**Data shown:**
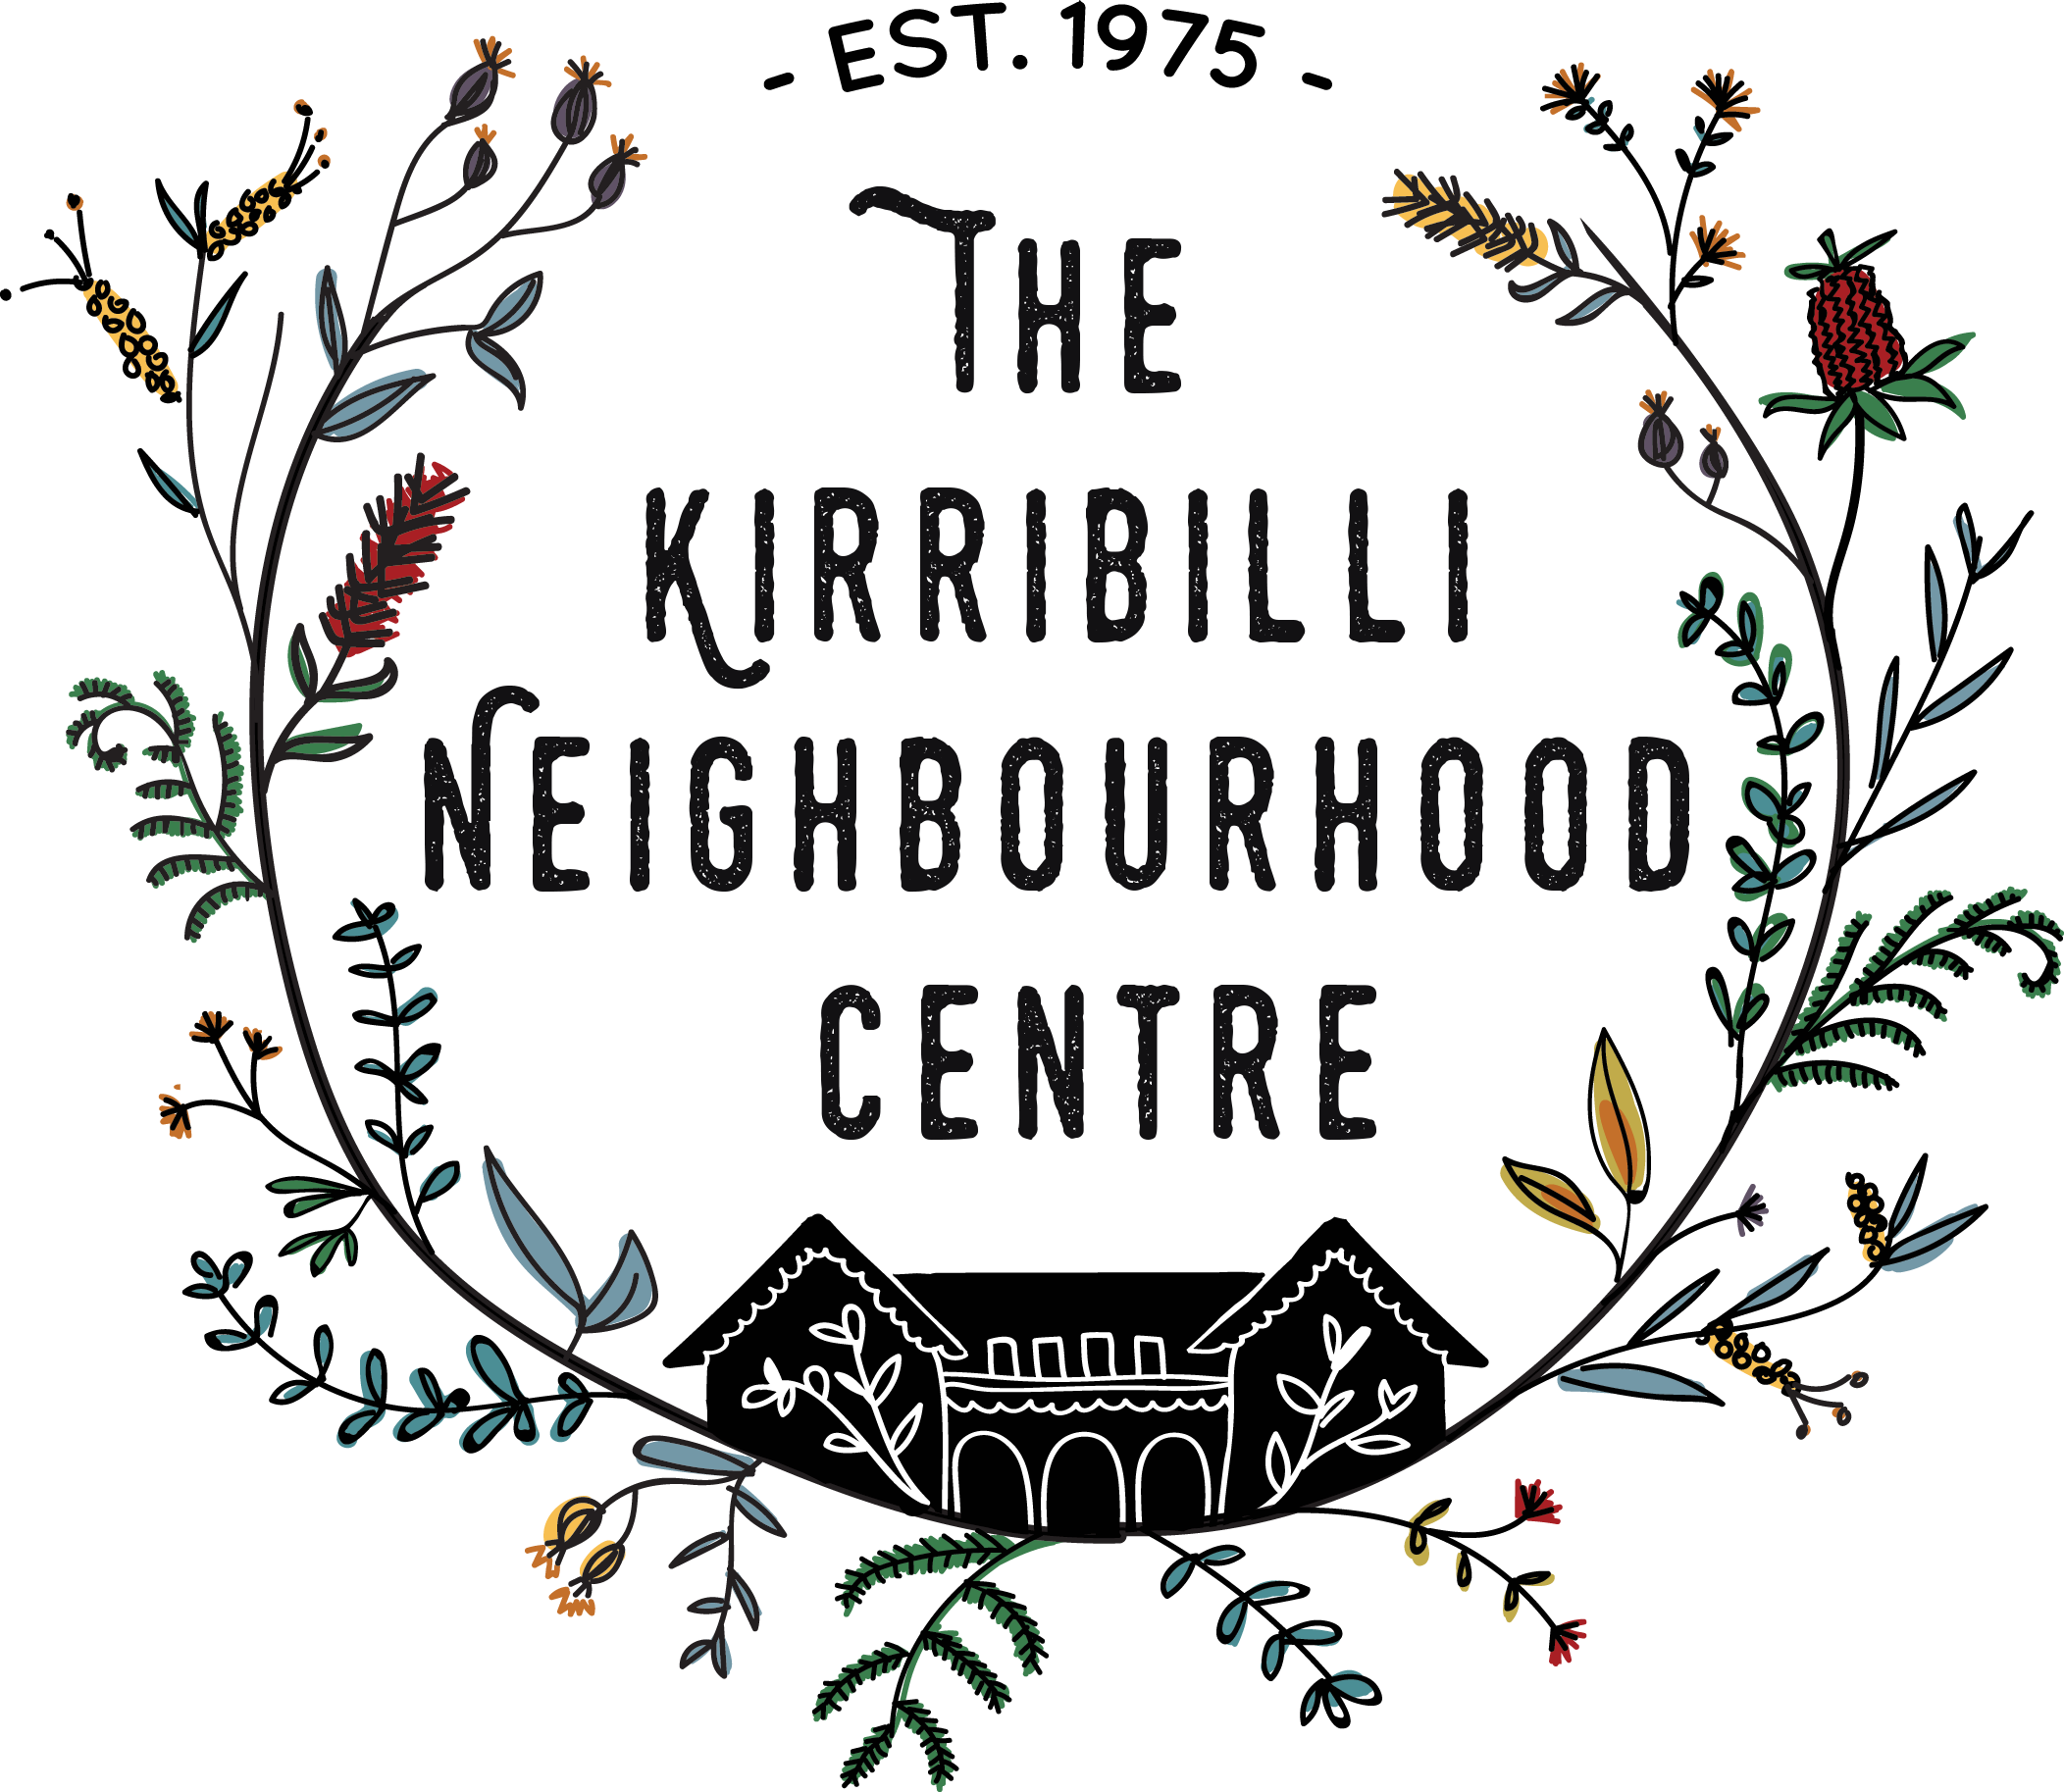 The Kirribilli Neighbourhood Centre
* * *
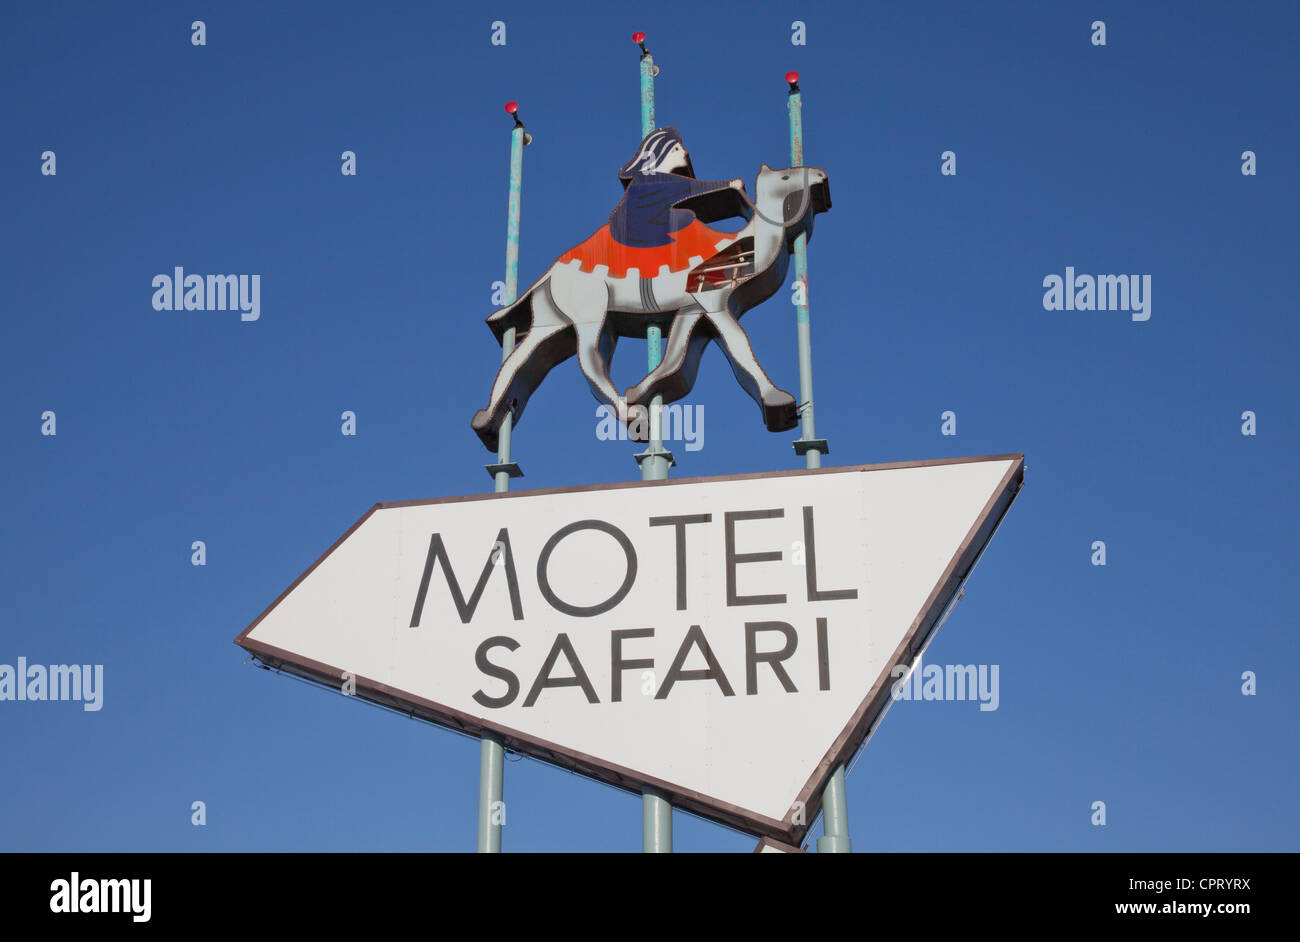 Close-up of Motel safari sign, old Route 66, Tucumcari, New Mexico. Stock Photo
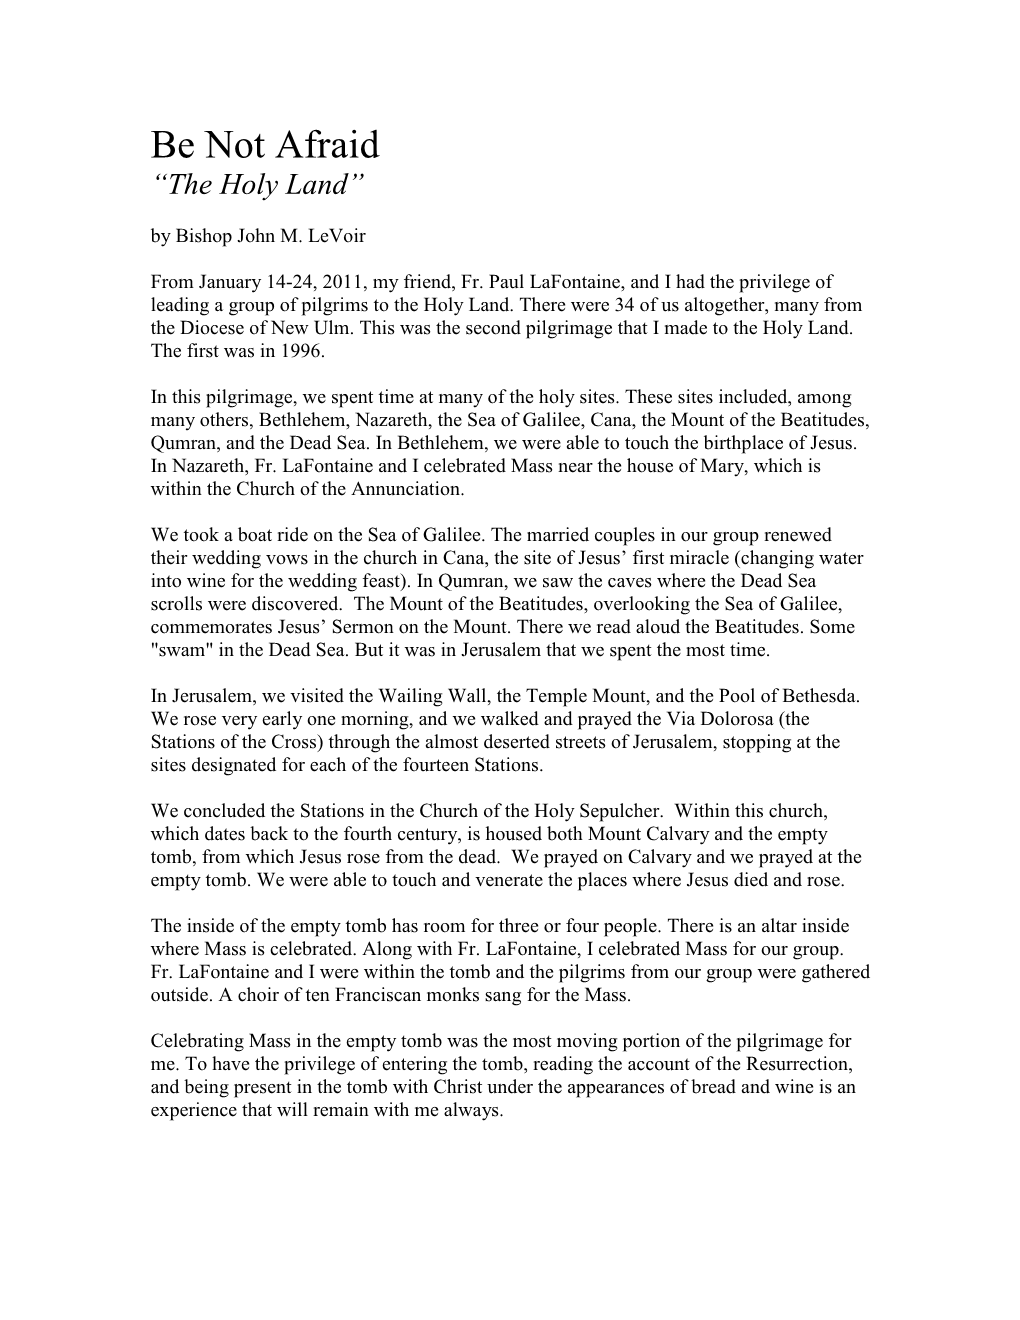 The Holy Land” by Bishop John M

**Exercise:** Every line above between the one containing "Close-up of Motel" and the one containing "Bishop John M", those two included, is to be printed exactly. No pictures go into the copy.

**Solution:**
 Close-up of Motel safari sign, old Route 66, Tucumcari, New Mexico. Stock Photo
 The Holy Land” by Bishop John M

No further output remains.